Hi community,
We have been running Istio 1.4.6 with istio operator in a multicluster setup with replicated control planes with our own Root CA, and decided to upgrade to Istio 1.5.1, also using the operator.
It seems everything is working okay when using the self signed certificates (not in multicluster), but when we plug in our own CA, envoy proxies fail to load the certificates.

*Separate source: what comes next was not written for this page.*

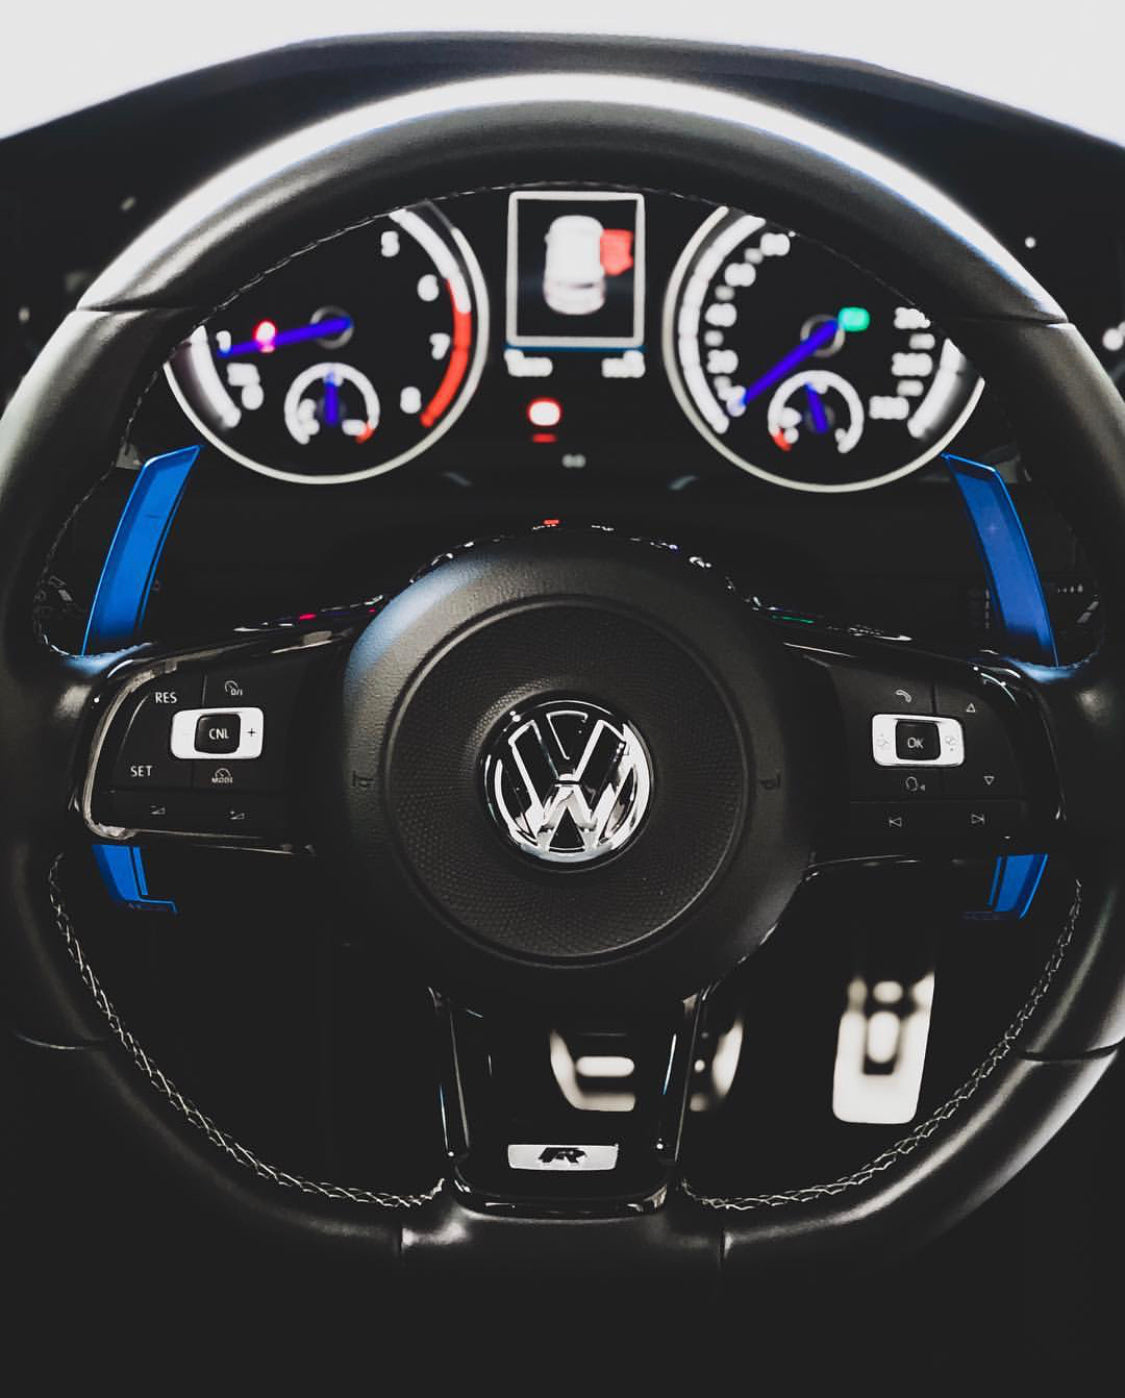 MODE Shift+ DSG Paddle Shifter (OEM Fit) for VW Golf R GTI MK7 MK7.5 / Polo  GTI 6C AW / Scirocco R FL / & R-Line Models

Below, are the logs from an envoy proxy:
2020-04-03T11:18:29.393893Z info Using user-configured CA istio-pilot.istio- system.svc:15012
2020-04-03T11:18:29.393967Z info istiod uses self-issued certificate
2020-04-03T11:18:29.394152Z info the CA cert of istiod is: -----BEGIN CERTIFICATE-----
MIIGdTCCBF2gAwIBAgIRAJwJ+0liyhvFmJ0o6pN3kOgwDQYJKoZIhvcNAQEMBQAw
STEPMA0GA1UECgwGTGF5ZXI4MTYwNAYDVQQDDC1MYXllcjggSXN0aW8gUm9vdCBD
ZXJ0aWZpY2F0aW9uIEF1dGhvcml0eSBERVYwHhcNMjAwMjI3MDAwMDAwWhcNMzAw
MjI3MTYxNTQ4WjBJMQ8wDQYDVQQKDAZMYXllcjgxNjA0BgNVBAMMLUxheWVyOCBJ
c3RpbyBSb290IENlcnRpZmljYXRpb24gQXV0aG9yaXR5IERFVjCCAiIwDQYJKoZI
....
Z1VizAYNXCiBGa406o43aKvImvZwPA3khw==
-----END CERTIFICATE-----
2020-04-03T11:18:29.394764Z info parsed scheme: ""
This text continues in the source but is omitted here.